ANDERSON, WASHINGTON (1817–1894). Washington (Wash) Anderson, hero of the battle of San Jacinto, was born in Pittsylvania County, Virginia, where his grandfather, Richard Anderson, had been a captain in the Revolutionary War. He arrived at Port Lavaca, Texas, in February 1835 with his father, Dr. Thomas Anderson, and brother John D. Anderson. His mother was Chloe Glascock Anderson, who died when Wash was three years old.

Anderson served in Capt. Jesse Billingsley's company in the battle of San Jacinto, where he was wounded in the ankle. Several years later John Osburn Nash was quoted in the Houston Chronicle: "The old pioneer Wash Anderson was the true hero of San Jacinto, although history gives him no praise. Wash was never known to shout `go on' in battle, but was always known to say `come on' instead. He had more to do with turning the tide of the battle than Sam Houston did." Anderson is pictured in William H. Huddle's painting The Surrender of Santa Anna, which hangs in the Capitol in Austin. He also fought in the battle of Brushy Creek in 1839. The Andersons received several land grants for service.

Washington Anderson
Picture of Washington Anderson's grave in Austin, TX. Image available on the Internet and included in accordance with Title 17 U.S.C. Section 107.

On March 25, 1838, Anderson married his cousin Mary Ann Glascock. They had one daughter. Anderson, a devout Baptist, a Democrat, and a successful businessman, circulated and signed the petition to form Williamson County in 1848. He was one of the first county commissioners there. He built the county's first sawmill and gristmill and was one of the most prominent settlers of Round Rock, where he sold land to have the town platted. He also sold the land for the first college in the county, Greenwood Institute.
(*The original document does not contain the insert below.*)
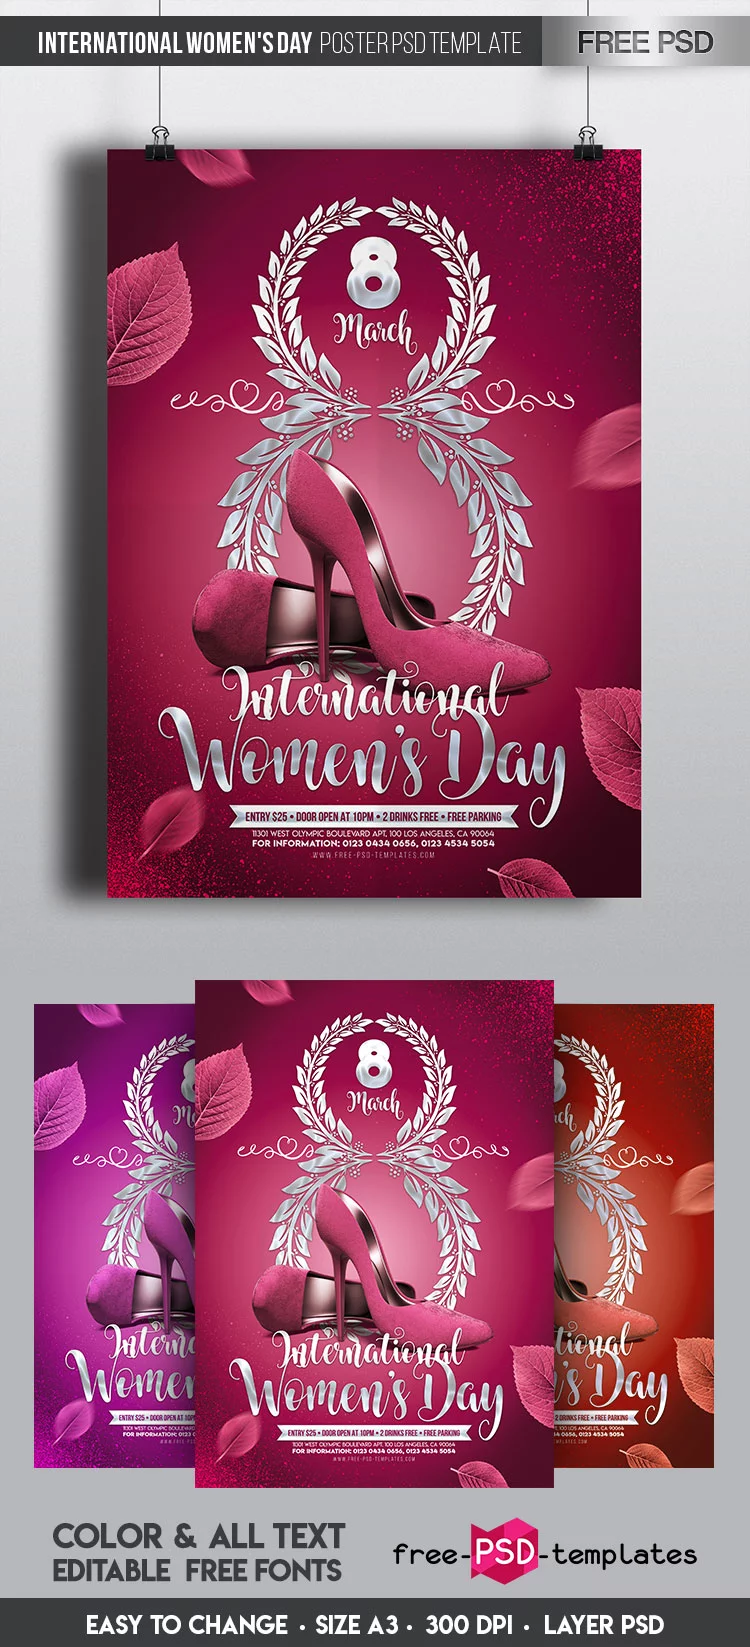 Free International Women’s Day Poster in PSD

After living in several log houses, the Andersons built a large rock house with separate slave quarters in 1859. The home is still standing on Brushy Creek in Round Rock; it received a Texas historical medallion in 1962. The Andersons were active in state affairs, especially the Texas Veterans Association. Wash Anderson died in 1894 and was buried in Oakwood Cemetery, Austin.


Sam Houston Dixon and Louis Wiltz Kemp, The Heroes of San Jacinto (Houston: Anson Jones, 1932). Bill Moore, Bastrop County, 1691–1900 (Wichita Falls: Nortex, 1977). Clara Stearns Scarbrough, Land of Good Water: A Williamson County History (Georgetown, Texas: Williamson County Sun Publishers, 1973). Vertical Files, Dolph Briscoe Center for American History, University of Texas at Austin.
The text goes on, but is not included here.